DIF: Differential item functioning; ICC: Intra-class correlation; IRT: Item response theory; PRO: Patient-reported outcome.
For illustrative purposes, this article is focused on the development and validation of several prominent generic child-report health-related quality of life instruments as well as the outcome instruments generated by the PROMIS network [3]. PROMIS is a NIH effort that is changing the way patient-reported health outcomes are assessed and used in clinical research [2]. PROMIS has produced numerous psychometrically robust item banks for the assessment of self-reported physical, emotional and social health using modern test theory and information technology [3].

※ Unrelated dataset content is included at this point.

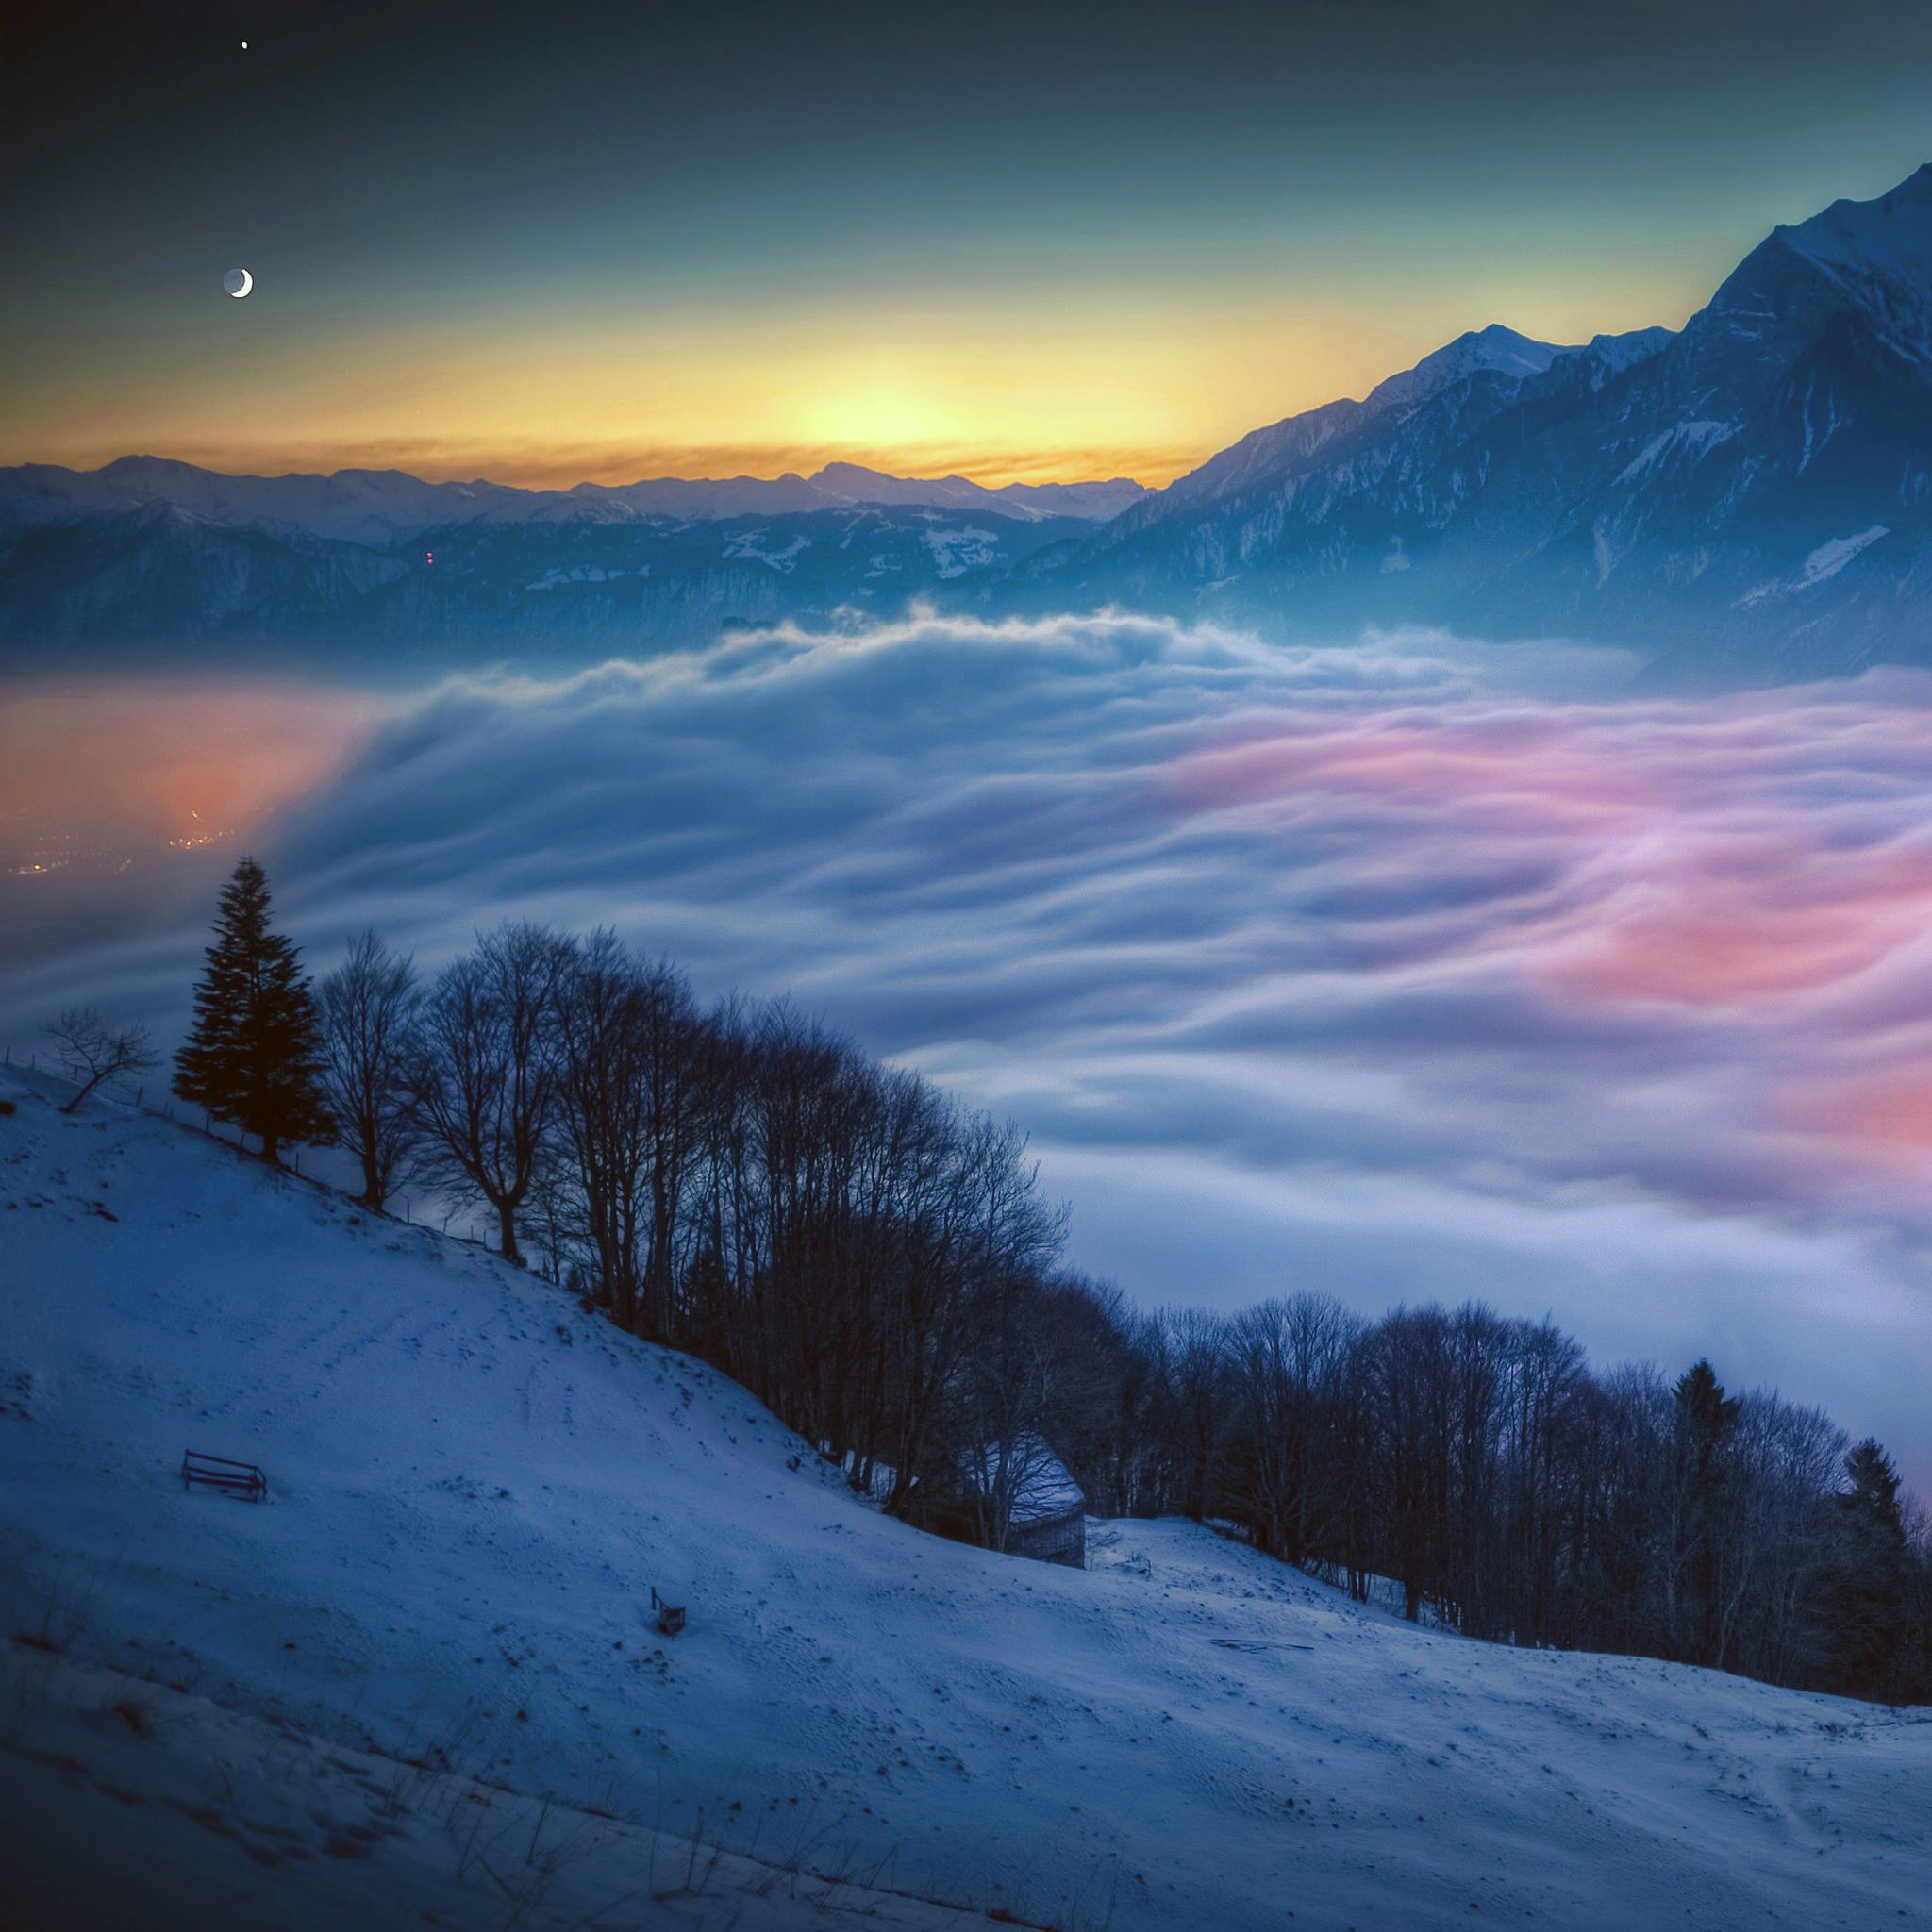 Snowy Mountain Landscape Night Wallpaper Sc iPad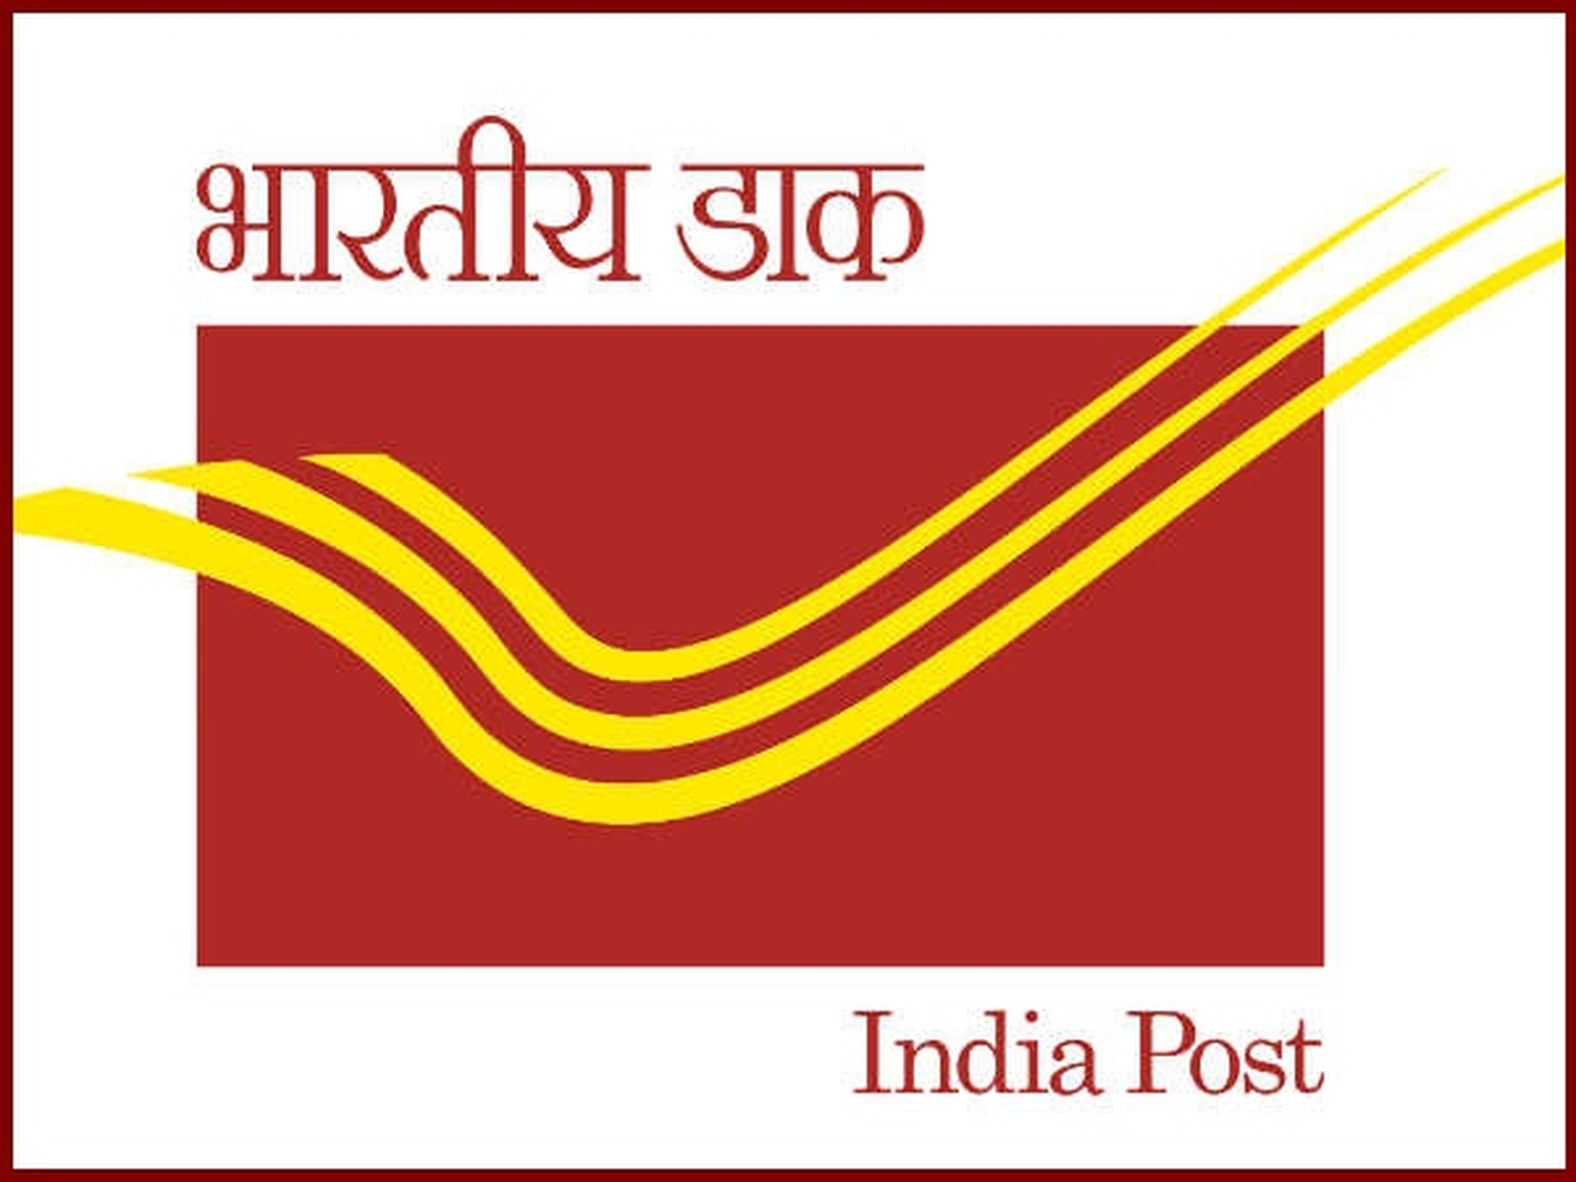 india post

Developmental context of child PROs
Valid and clinically relevant measures of child PROs need to be based on a conceptual framework that accounts for children’s development [10]. Virtually all well validated child PRO instruments have been designed to ask questions in language and formats that children can understand. This is accomplished by ensuring that questions are written well and can be commonly read by children aged 8–9 years old, sometimes accompanied by illustrations or size-graduated response options to aid in understanding, and tested for understanding in cognitive interviews. However, it must be said that PRO instruments developed for use with children of a wide age range are likely to be relatively insensitive to age-linked experiences such as those commonly observed during normative transitions into adolescence or young adulthood. In part, this is because many questions that are relevant and understood by youth of one developmental level are not appropriate for youth of another developmental level, and therefore cannot be retained in a fixed-format scale that is used with individuals of a broad age range. For example, in developing the Children’s Health and Illness Profile (CHIP), several questions regarding trust and dependability in peer relationships were found to be reliable, valid and useful for the assessment of health among adolescents [24] but these items had inadequate psychometric properties when administered to children [25]. The concept of ‘trust’ was not reliably interpreted among preadolescent children. When the CHIP was revised (now called the Healthy Pathways Scales), the child and adolescent versions were combined to allow for the assessment of health among youth during the childhood-to-adolescence transition [26]. Among other revisions to enhance the developmental appropriateness of the tool, new items were generated and validated to capture the concept of trust in the peer relationships of youth, regardless of their developmental level (e.g., ‘How often do you talk about everything with your friends?’).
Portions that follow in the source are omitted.